• **Goal of the exercise**: Please copy each line of the listing below precisely, excluding the images.

• **Given material**:
------------------------------------------------------------

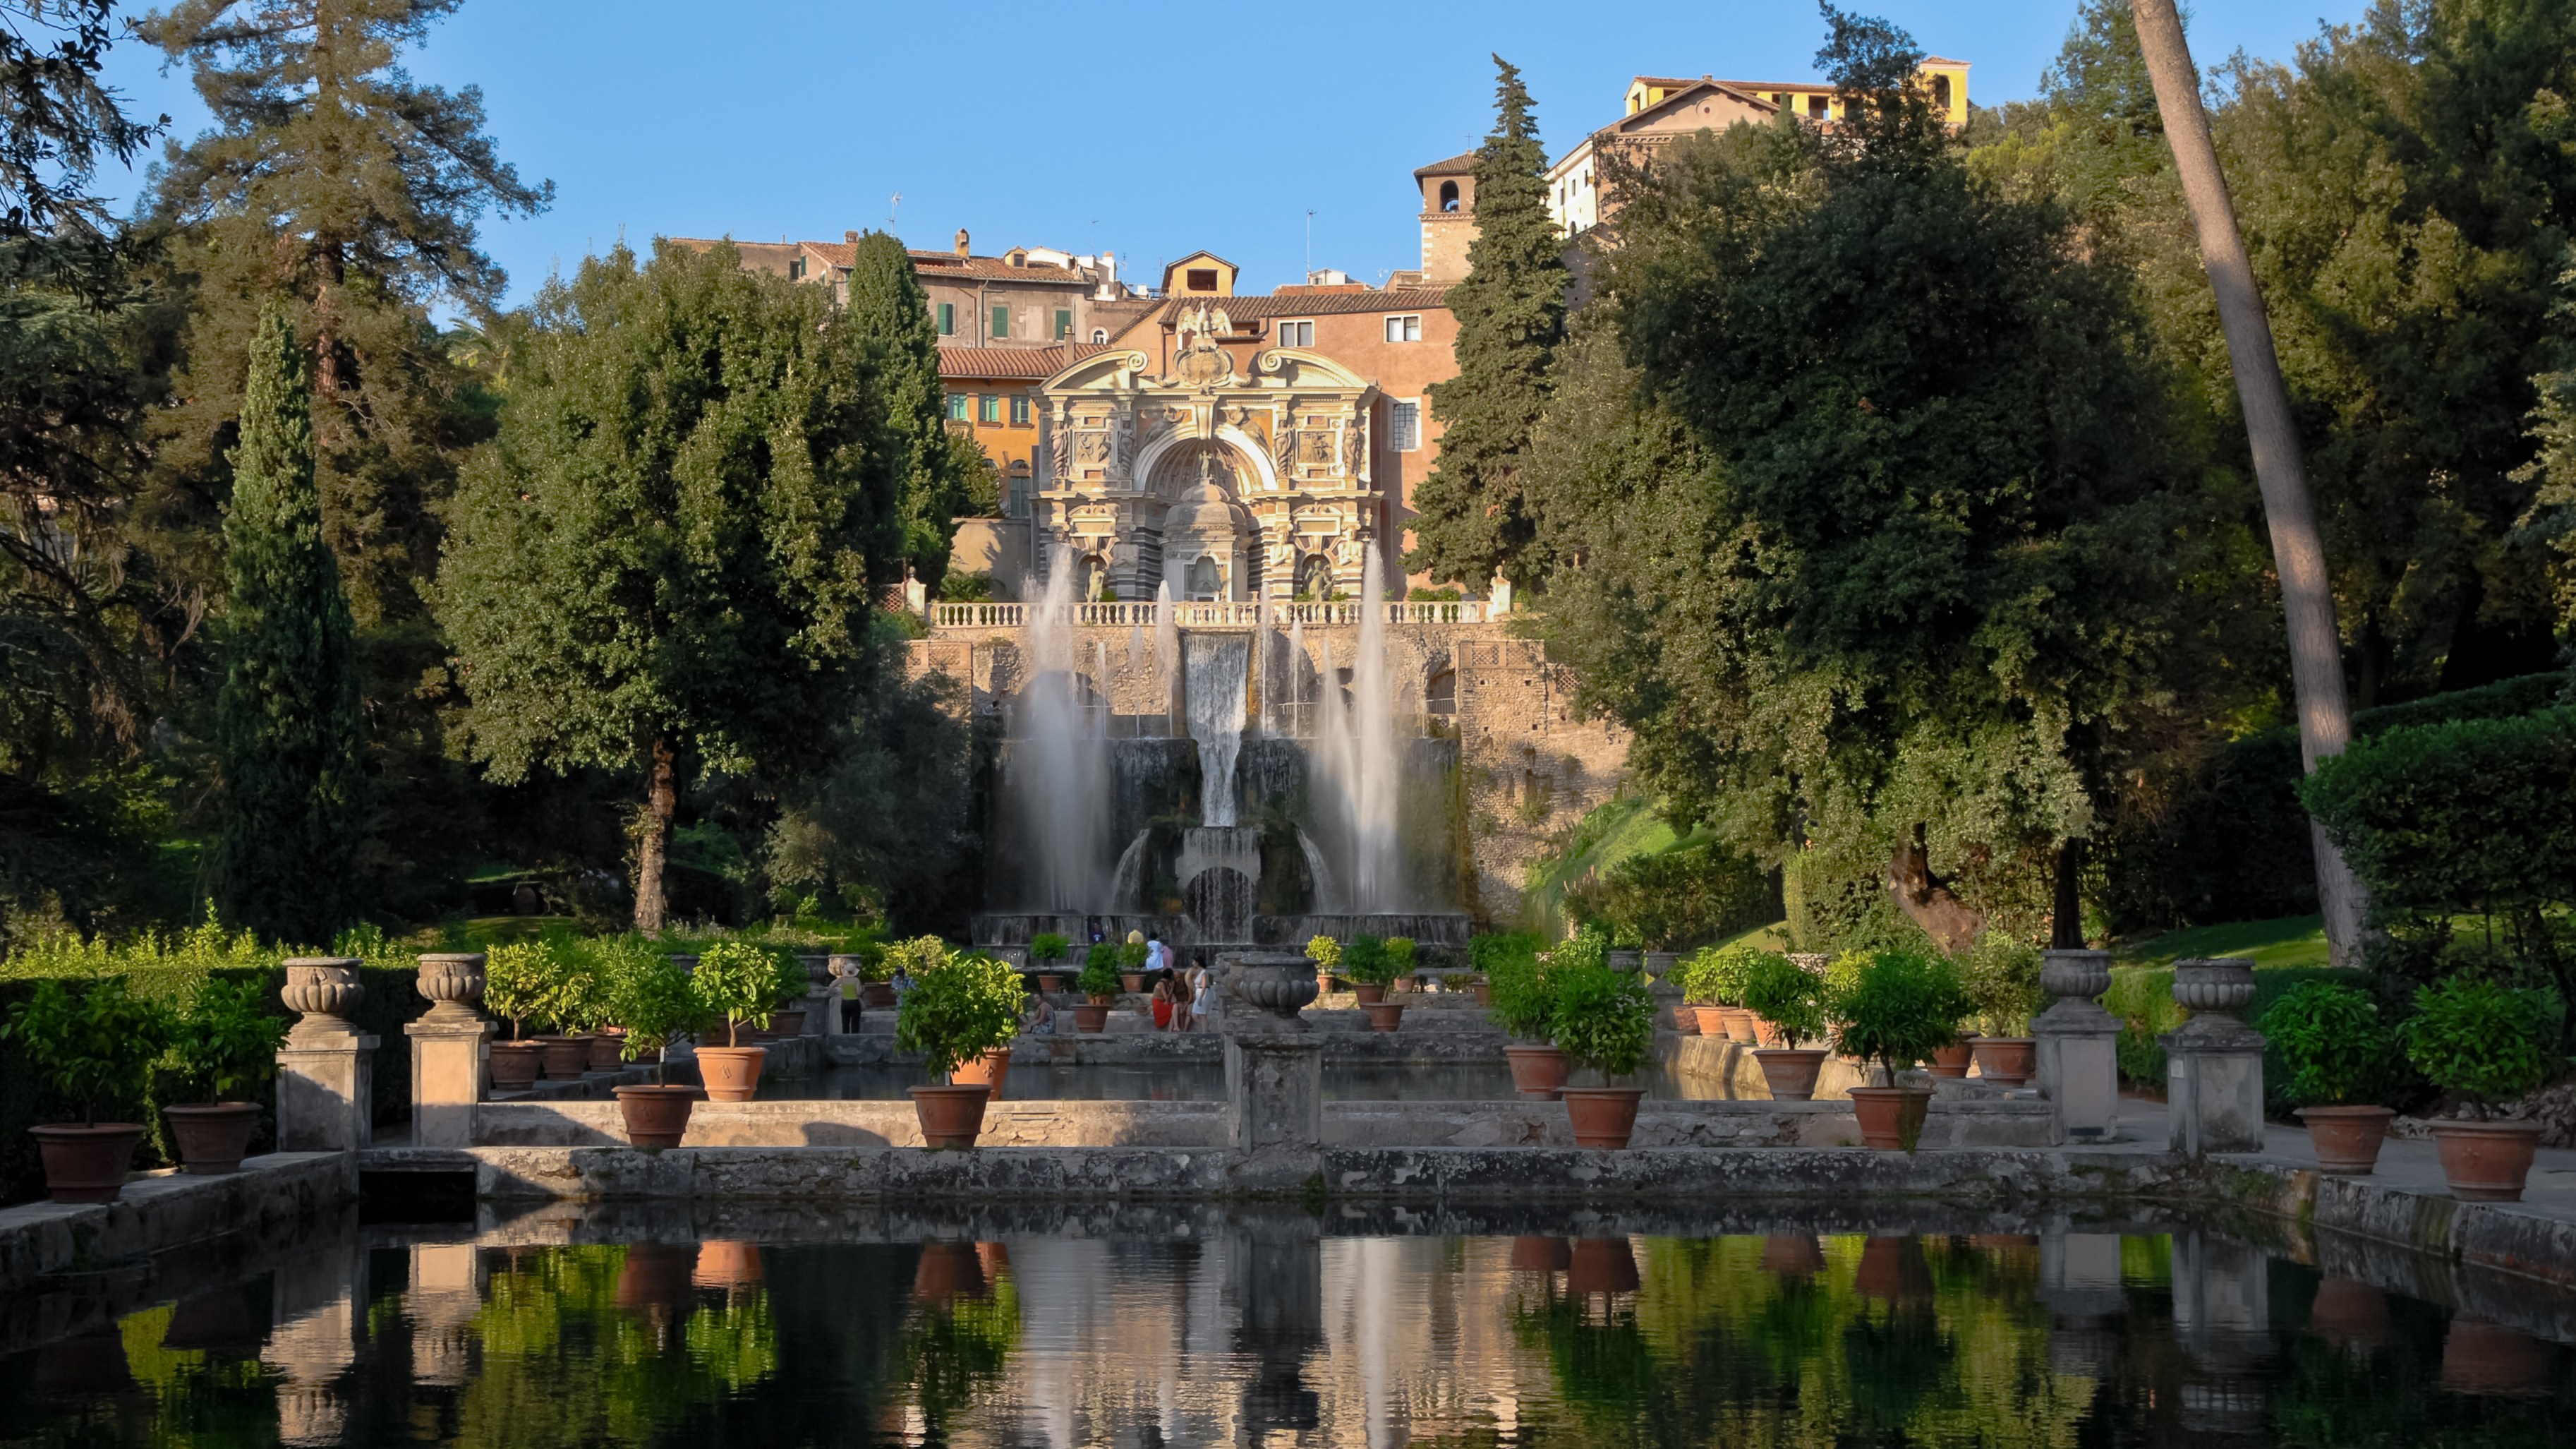 Perhaps the greatest show-off garden of all: Villa d’Este in Tivoli, near Rome
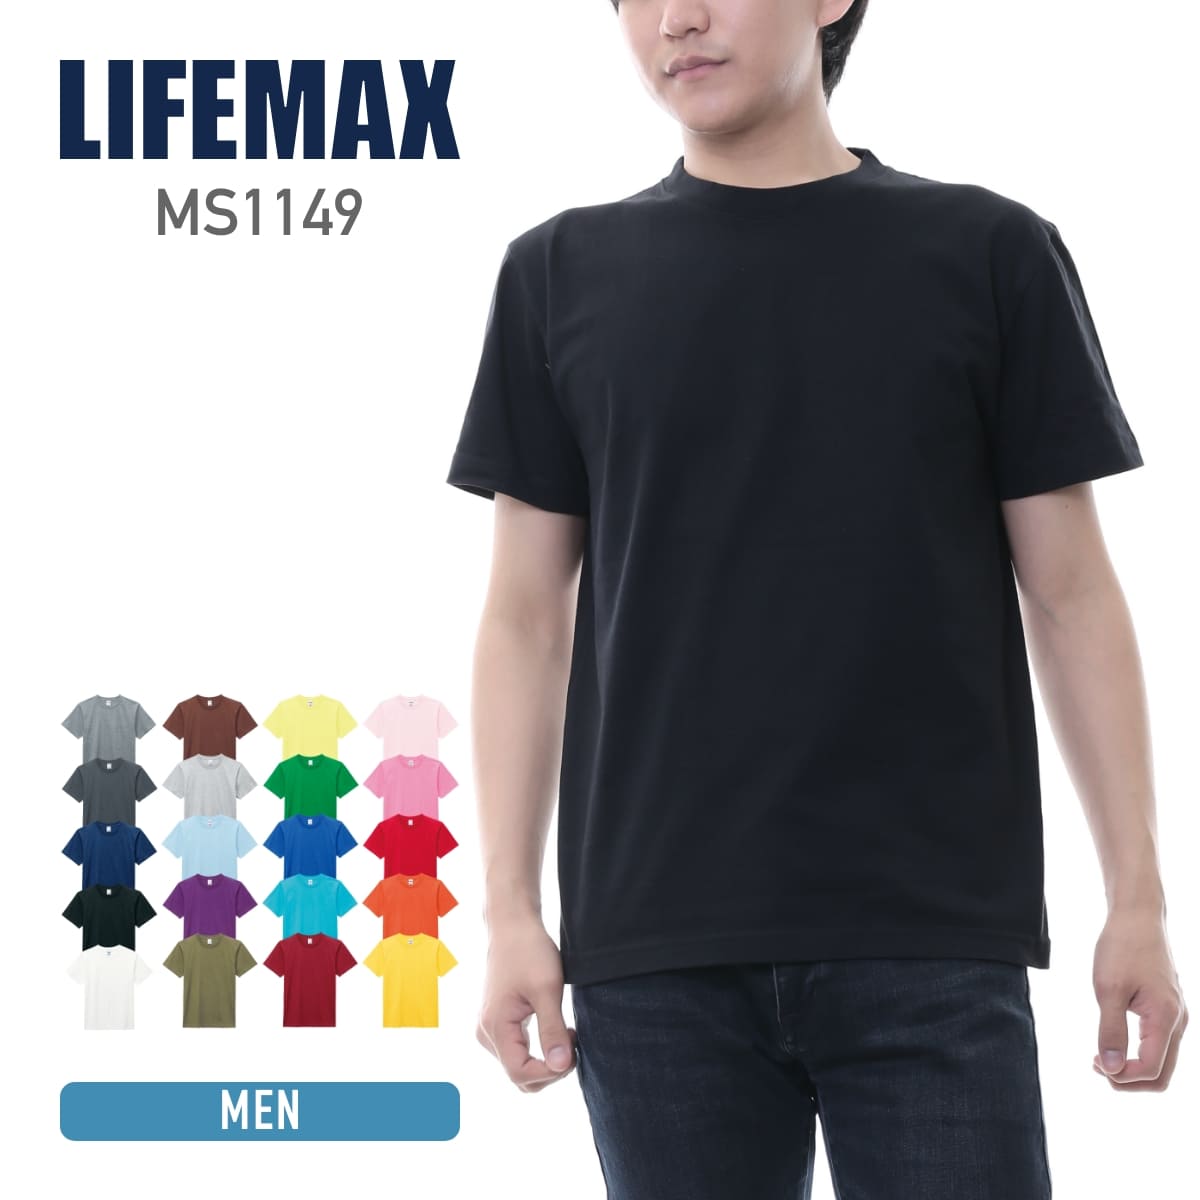 LIFEMAX(ライフマックス)激安通販 - Tshirt.stビジネス
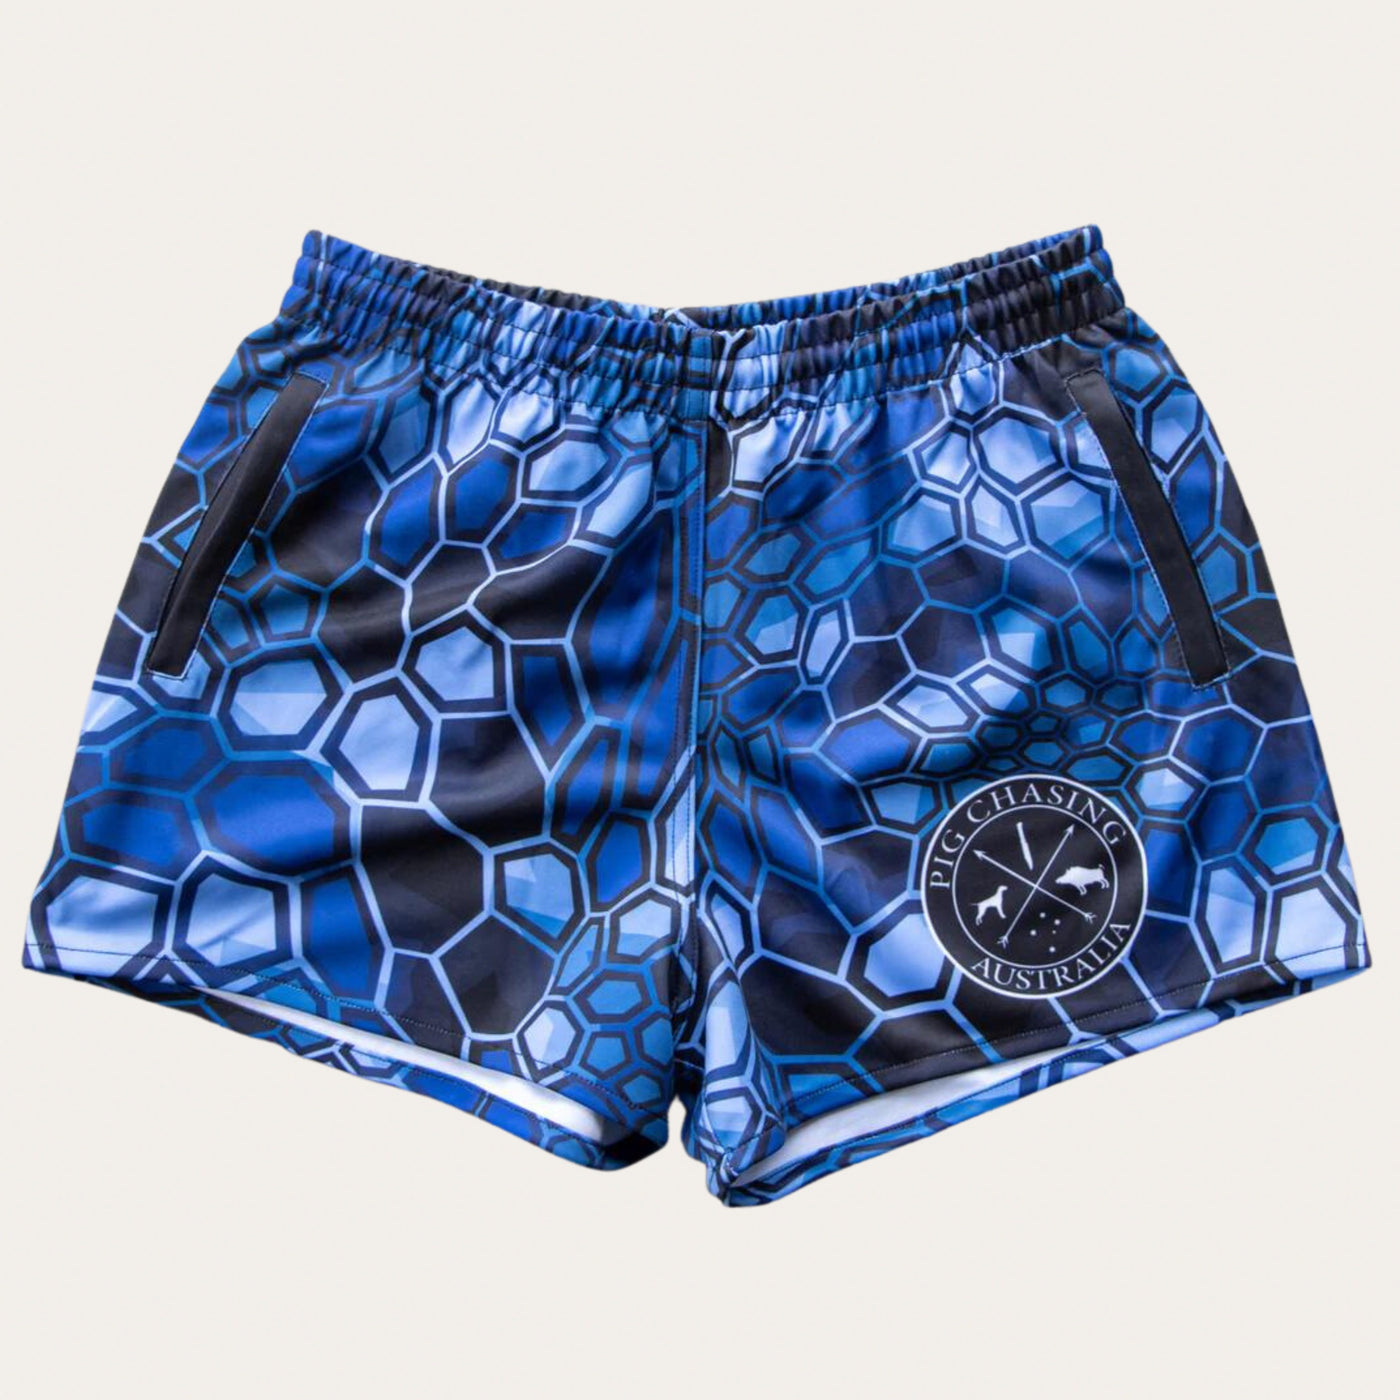 Digital Camo Footy Shorts - Blue

------------------------------------------------------------

• **Exercise answer**:
 Perhaps the greatest show-off garden of all: Villa d’Este in Tivoli, near Rome
 LIFEMAX(ライフマックス)激安通販 - Tshirt.stビジネス
 Digital Camo Footy Shorts - Blue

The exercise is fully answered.